■ **PROVIDED MATERIAL**
◇ ◇ ◇ ◇ ◇ ◇ ◇
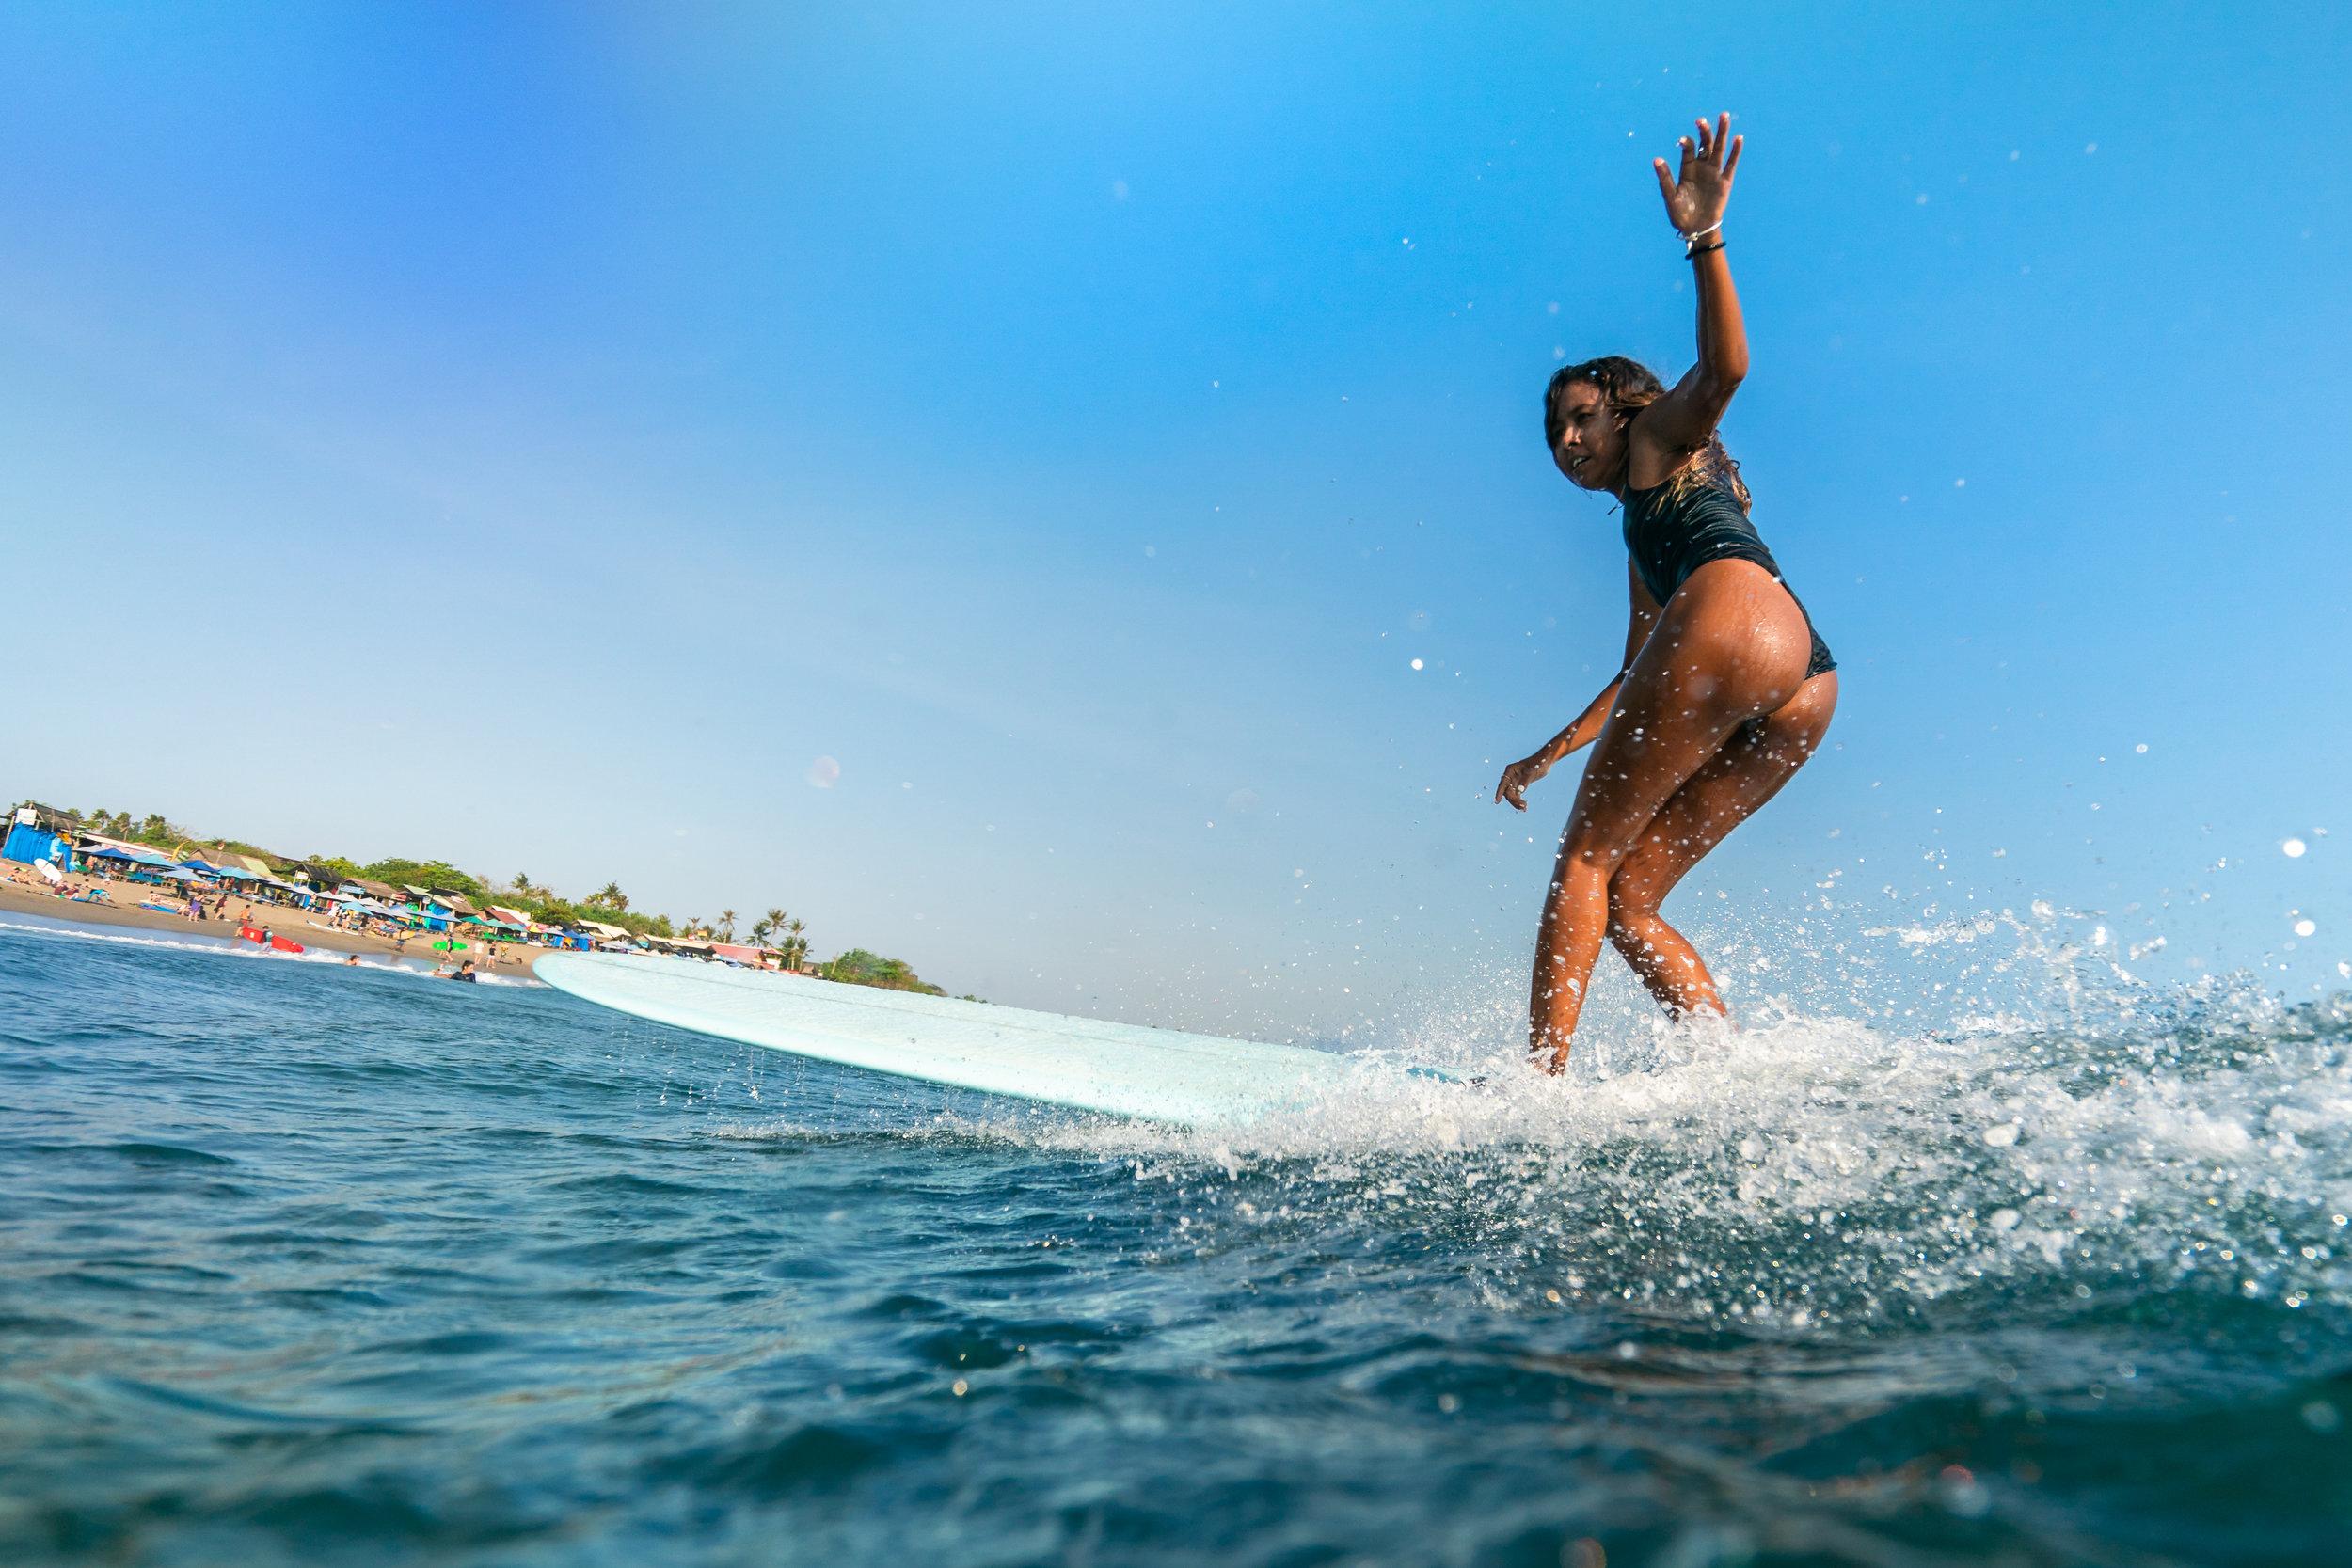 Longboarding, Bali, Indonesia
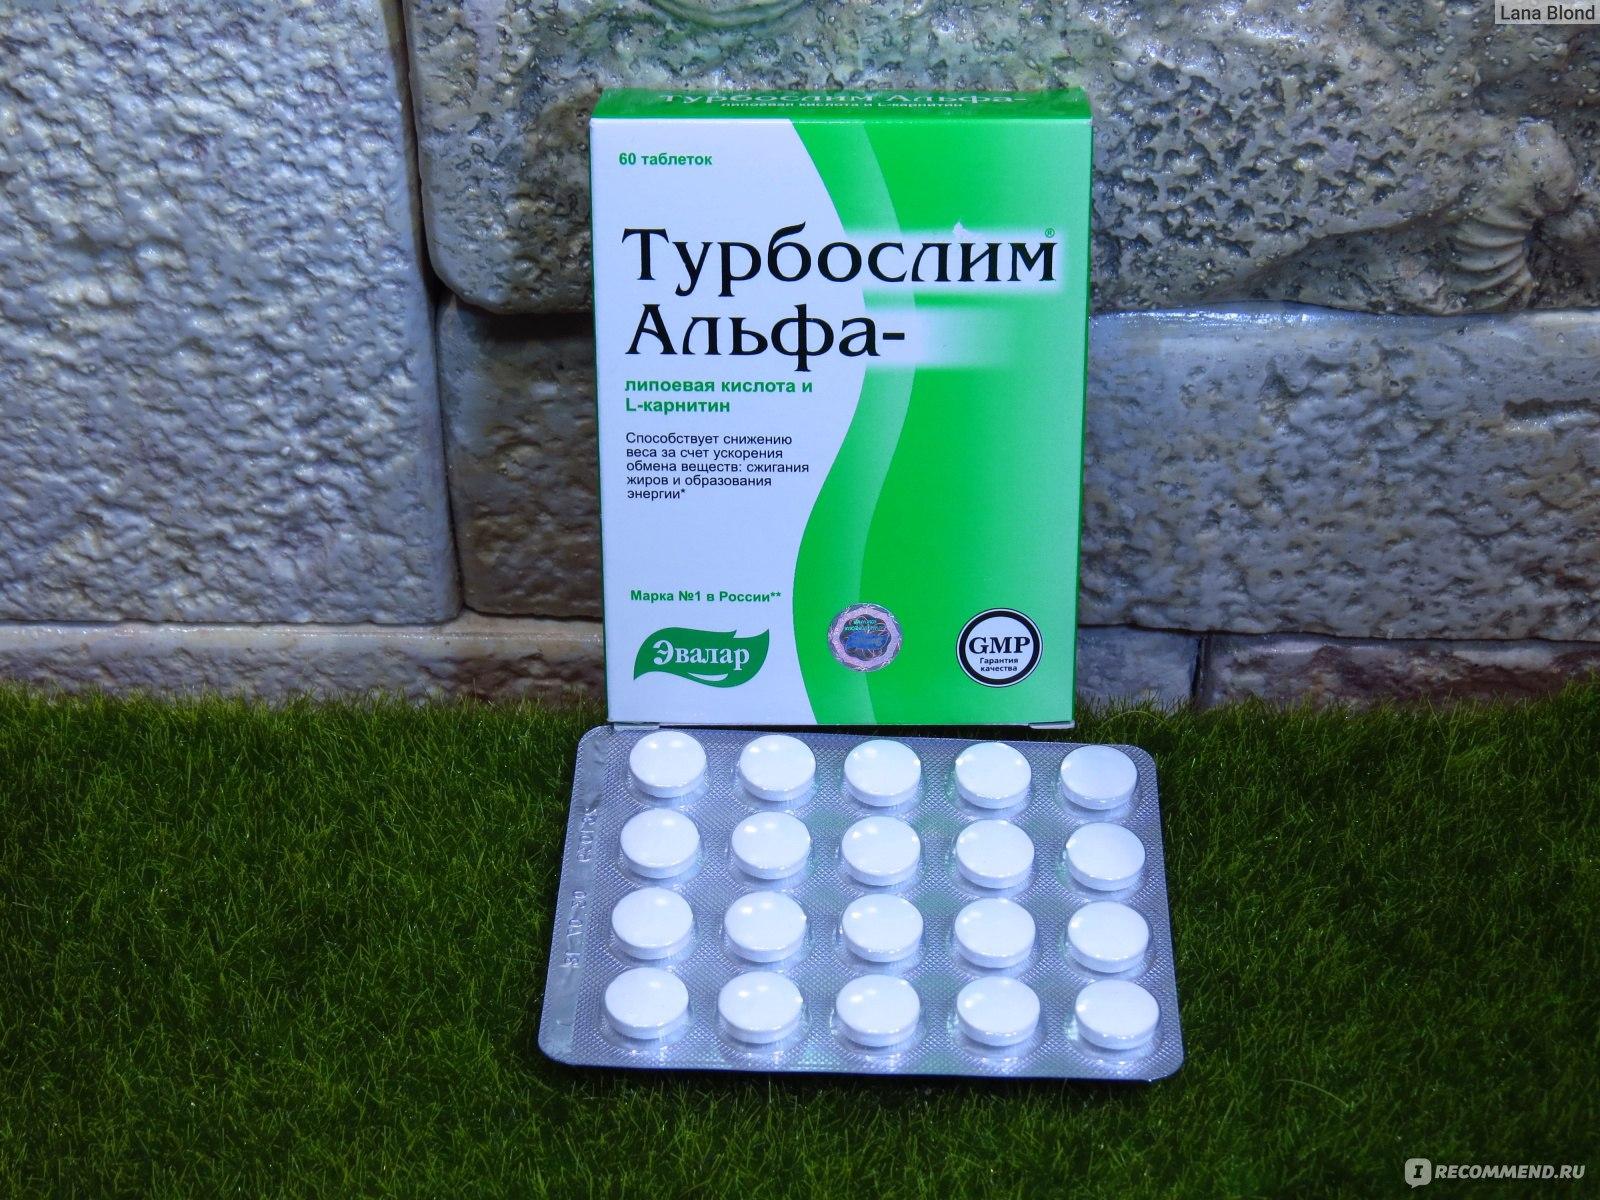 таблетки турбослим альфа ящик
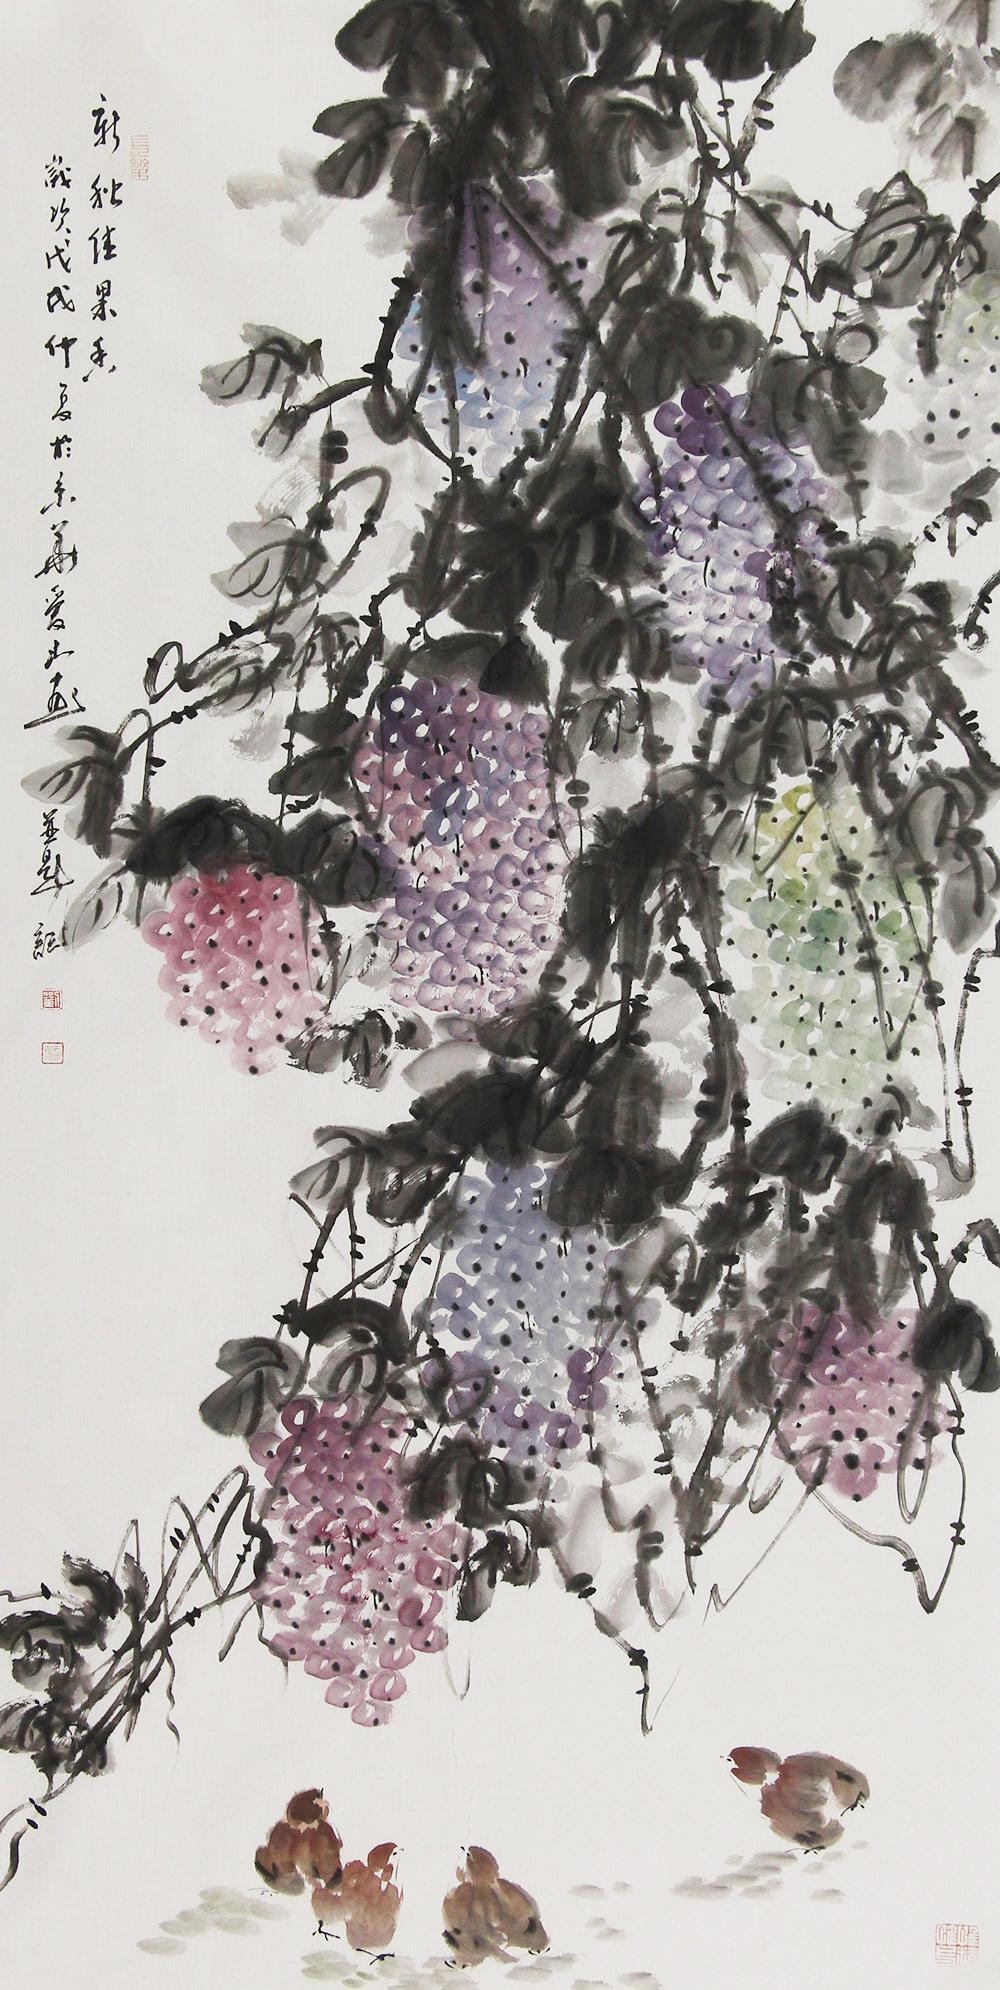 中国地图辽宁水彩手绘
◇ ◇ ◇ ◇ ◇ ◇ ◇
■ **AIM OF THE TASK**
Transcribe the listing above verbatim. Omit the pictures.

■ **RESPONSE AREA**
 Longboarding, Bali, Indonesia
 таблетки турбослим альфа ящик
 中国地图辽宁水彩手绘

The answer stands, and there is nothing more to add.